Cardiology Division, Department of Medicine, The University of Hong Kong-Shenzhen Hospital, Shenzhen, People's Republic of China.
Cardiology Division, Department of Medicine, Queen Mary Hospital, University of Hong Kong, Hong Kong, Special Administrative Regions, People's Republic of China.
Clin Interv Aging. 2022 Mar 17;17:287-294. doi: 10.2147/CIA.S337118. eCollection 2022.
Rheumatoid arthritis is associated with both abnormal bone metabolism and accelerated vascular aging but a mechanistic link was lacking. This study aims to investigate the role of osteocalcin (OCN)-expressing circulating endothelial progenitor cells (EPCs) in vascular aging, as determined by arterial calcifications in rheumatoid arthritis.
We performed flow cytometry studies in 145 consecutive patients with rheumatoid arthritis to determine osteogenic circulating levels of OCN-positive (OCN+) CD34+KDR+ and OCN+CD34+ versus conventional early EPC CD34+CD133+KDR+. Total calcium load of the thoracic aorta (ascending plus descending) and the carotid arteries were assessed by non-contrast computed tomography (CT) and contrast CT angiography.
Osteogenic EPCs OCN+CD34+KDR+ ( = 0.002) and OCN+CD34+ ( = 0.001), together with clinical parameters of age, history of hypertension, systolic blood pressure, serum levels of triglycerides, HbA1c and creatinine, use of leflunomide and brachial-ankle pulse-wave velocity (all < 0.05), were associated with the clustered presence of aortic and carotid calcification. Multivariable analyses revealed that circulating OCN+CD34+KDR+ (B = 14.4 [95% CI 4.0 to 24.8], = 0.007) and OCN+CD34+ (B = 9.6 [95% CI 4.9 to 14.3], < 0.001) remained independently associated with increased aortic calcium load. OCN+CD34+ EPC (B = 0.8 [95% CI 0.1 to 1.5], = 0.023), but not OCN+CD34+KDR+ EPC (B = 1.2 [95% CI -0.2 to 2.6], P = 0.09), was further independently associated with carotid calcium load. In comparison, conventional early EPC CD34+CD133+KDR+ had no significant association with aortic or carotid calcium load (P = 0.46 and 0.88, respectively).

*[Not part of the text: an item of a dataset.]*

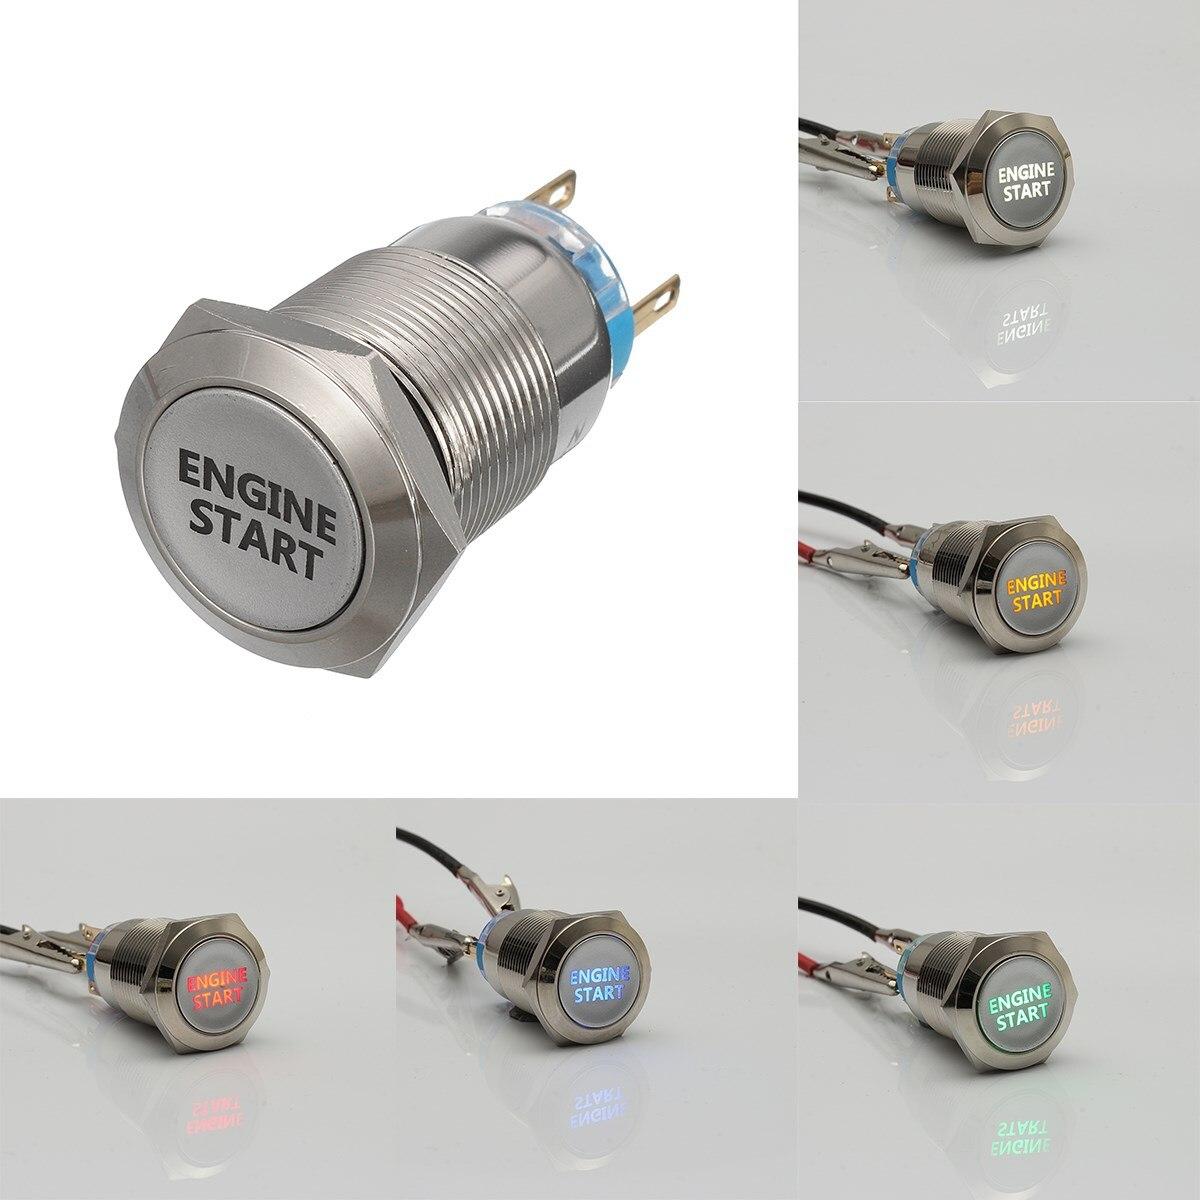 Металлические кнопочные выключатели для запуска двигателя автомобиля, 12 В, 19 мм, светодиодные выключатели для включения и выключения двигателя

Circulating level of osteogenic EPC is associated with increased vascular aging in terms of calcification of the large arteries in patients with rheumatoid arthritis. The findings may suggest a role of the bone-vascular axis underlying vascular aging in rheumatic diseases. Further research is needed to characterize the mechanistic links and basis of these observations.
类风湿关节炎与骨代谢异常和血管老化加速有关,但缺乏两者之间的机制联系。本研究旨在探讨成骨细胞来源的循环内皮祖细胞(EPC)在血管老化中的作用,这种作用通过类风湿关节炎患者的动脉钙化来确定。
我们对 145 例连续的类风湿关节炎患者进行了流式细胞术研究,以确定成骨细胞来源的循环 OC 阳性(OCN+)CD34+KDR+和 OCN+CD34+与传统的早期 EPC CD34+CD133+KDR+的水平。通过非对比 CT(CT)和对比 CT 血管造影术评估胸主动脉(升主动脉和降主动脉)和颈动脉的总钙负荷。
成骨细胞 EPC OCN+CD34+KDR+( = 0.002)和 OCN+CD34+( = 0.001),以及年龄、高血压病史、收缩压、甘油三酯、HbA1c 和肌酐血清水平、来氟米特的使用和肱踝脉搏波速度(均<0.05),与主动脉和颈动脉钙化的簇状存在有关。多变量分析显示,循环 OCN+CD34+KDR+(B=14.4[95%CI 4.0 至 24.8], =0.007)和 OCN+CD34+(B=9.6[95%CI 4.9 至 14.3],<0.001)与主动脉钙负荷增加独立相关。OCN+CD34+EPC(B=0.8[95%CI 0.1 至 1.5], =0.023),而不是 OCN+CD34+KDR+EPC(B=1.2[95%CI -0.2 至 2.6],P=0.09),与颈动脉钙负荷进一步独立相关。相比之下,传统的早期 EPC CD34+CD133+KDR+与主动脉或颈动脉钙负荷无显著相关性(P=0.46 和 0.88)。
在类风湿关节炎患者中,循环成骨细胞来源的 EPC 水平与大动脉钙化所致的血管老化有关。这些发现可能提示骨骼-血管轴在风湿性疾病中的血管老化中起作用。需要进一步研究来描述这些观察结果的机制联系和基础。